___ INPUT ___

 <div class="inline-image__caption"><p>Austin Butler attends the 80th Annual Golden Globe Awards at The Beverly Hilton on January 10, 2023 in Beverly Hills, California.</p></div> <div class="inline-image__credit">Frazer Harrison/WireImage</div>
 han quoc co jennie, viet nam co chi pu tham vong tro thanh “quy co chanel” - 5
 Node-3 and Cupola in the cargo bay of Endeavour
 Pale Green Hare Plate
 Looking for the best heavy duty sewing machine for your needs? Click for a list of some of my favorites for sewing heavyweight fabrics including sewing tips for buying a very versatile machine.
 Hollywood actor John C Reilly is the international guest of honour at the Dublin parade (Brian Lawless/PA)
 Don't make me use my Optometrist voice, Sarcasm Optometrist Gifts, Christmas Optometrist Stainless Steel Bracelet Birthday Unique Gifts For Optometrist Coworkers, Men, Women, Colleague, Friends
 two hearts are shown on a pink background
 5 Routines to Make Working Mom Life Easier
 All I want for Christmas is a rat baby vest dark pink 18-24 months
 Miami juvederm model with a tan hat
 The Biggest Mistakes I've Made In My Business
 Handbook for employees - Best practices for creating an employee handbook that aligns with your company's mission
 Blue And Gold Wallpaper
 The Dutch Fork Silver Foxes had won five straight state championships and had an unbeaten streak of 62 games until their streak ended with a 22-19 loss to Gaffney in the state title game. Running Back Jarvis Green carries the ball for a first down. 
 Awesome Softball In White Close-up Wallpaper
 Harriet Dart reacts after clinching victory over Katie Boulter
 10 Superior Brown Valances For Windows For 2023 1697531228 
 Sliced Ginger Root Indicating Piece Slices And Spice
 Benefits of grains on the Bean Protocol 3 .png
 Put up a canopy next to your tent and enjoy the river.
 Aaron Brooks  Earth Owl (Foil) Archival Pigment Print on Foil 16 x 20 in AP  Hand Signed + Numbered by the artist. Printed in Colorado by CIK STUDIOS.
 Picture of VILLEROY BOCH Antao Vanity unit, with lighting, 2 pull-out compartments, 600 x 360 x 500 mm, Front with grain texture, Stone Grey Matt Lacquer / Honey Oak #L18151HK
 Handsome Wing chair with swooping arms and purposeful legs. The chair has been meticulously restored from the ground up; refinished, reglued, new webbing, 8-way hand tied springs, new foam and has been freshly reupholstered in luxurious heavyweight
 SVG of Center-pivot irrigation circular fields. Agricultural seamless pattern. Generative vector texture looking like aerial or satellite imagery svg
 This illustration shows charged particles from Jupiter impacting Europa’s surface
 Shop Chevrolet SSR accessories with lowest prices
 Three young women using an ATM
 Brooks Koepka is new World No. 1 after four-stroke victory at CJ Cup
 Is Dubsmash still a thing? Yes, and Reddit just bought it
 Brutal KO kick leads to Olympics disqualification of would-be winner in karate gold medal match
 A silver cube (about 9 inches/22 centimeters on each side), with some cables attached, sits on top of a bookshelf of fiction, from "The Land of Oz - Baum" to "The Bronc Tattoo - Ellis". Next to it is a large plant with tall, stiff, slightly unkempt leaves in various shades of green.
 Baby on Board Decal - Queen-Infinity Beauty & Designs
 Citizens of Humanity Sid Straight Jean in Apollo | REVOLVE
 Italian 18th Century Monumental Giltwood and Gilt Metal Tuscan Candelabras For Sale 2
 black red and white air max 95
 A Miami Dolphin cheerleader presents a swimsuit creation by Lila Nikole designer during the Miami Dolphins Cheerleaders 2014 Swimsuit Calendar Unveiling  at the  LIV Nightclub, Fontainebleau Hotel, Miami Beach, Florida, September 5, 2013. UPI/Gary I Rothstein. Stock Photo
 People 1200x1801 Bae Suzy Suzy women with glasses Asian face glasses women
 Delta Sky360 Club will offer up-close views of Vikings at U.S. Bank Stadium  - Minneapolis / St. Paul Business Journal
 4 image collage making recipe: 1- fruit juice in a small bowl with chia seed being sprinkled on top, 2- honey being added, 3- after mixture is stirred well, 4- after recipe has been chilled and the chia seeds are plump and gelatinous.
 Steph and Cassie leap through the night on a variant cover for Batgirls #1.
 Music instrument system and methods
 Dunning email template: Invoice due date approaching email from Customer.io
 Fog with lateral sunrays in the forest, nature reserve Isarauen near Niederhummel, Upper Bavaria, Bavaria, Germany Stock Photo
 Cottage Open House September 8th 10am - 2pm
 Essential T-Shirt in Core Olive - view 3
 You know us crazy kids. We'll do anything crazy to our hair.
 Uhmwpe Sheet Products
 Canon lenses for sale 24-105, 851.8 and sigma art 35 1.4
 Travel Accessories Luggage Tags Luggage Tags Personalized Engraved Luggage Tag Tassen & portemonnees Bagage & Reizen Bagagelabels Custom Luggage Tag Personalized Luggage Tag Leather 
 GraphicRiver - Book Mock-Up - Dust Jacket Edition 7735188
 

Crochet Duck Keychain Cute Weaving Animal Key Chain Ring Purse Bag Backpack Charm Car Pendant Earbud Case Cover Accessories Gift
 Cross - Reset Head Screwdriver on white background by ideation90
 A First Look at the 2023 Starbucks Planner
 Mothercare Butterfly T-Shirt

___

*EXERCISE OBJECTIVE*:
Search the entries above for the string "from". Copy each line that holds it.

*WRITTEN SOLUTION*:
 Handsome Wing chair with swooping arms and purposeful legs. The chair has been meticulously restored from the ground up; refinished, reglued, new webbing, 8-way hand tied springs, new foam and has been freshly reupholstered in luxurious heavyweight
 This illustration shows charged particles from Jupiter impacting Europa’s surface
 A silver cube (about 9 inches/22 centimeters on each side), with some cables attached, sits on top of a bookshelf of fiction, from "The Land of Oz - Baum" to "The Bronc Tattoo - Ellis". Next to it is a large plant with tall, stiff, slightly unkempt leaves in various shades of green.
 Dunning email template: Invoice due date approaching email from Customer.io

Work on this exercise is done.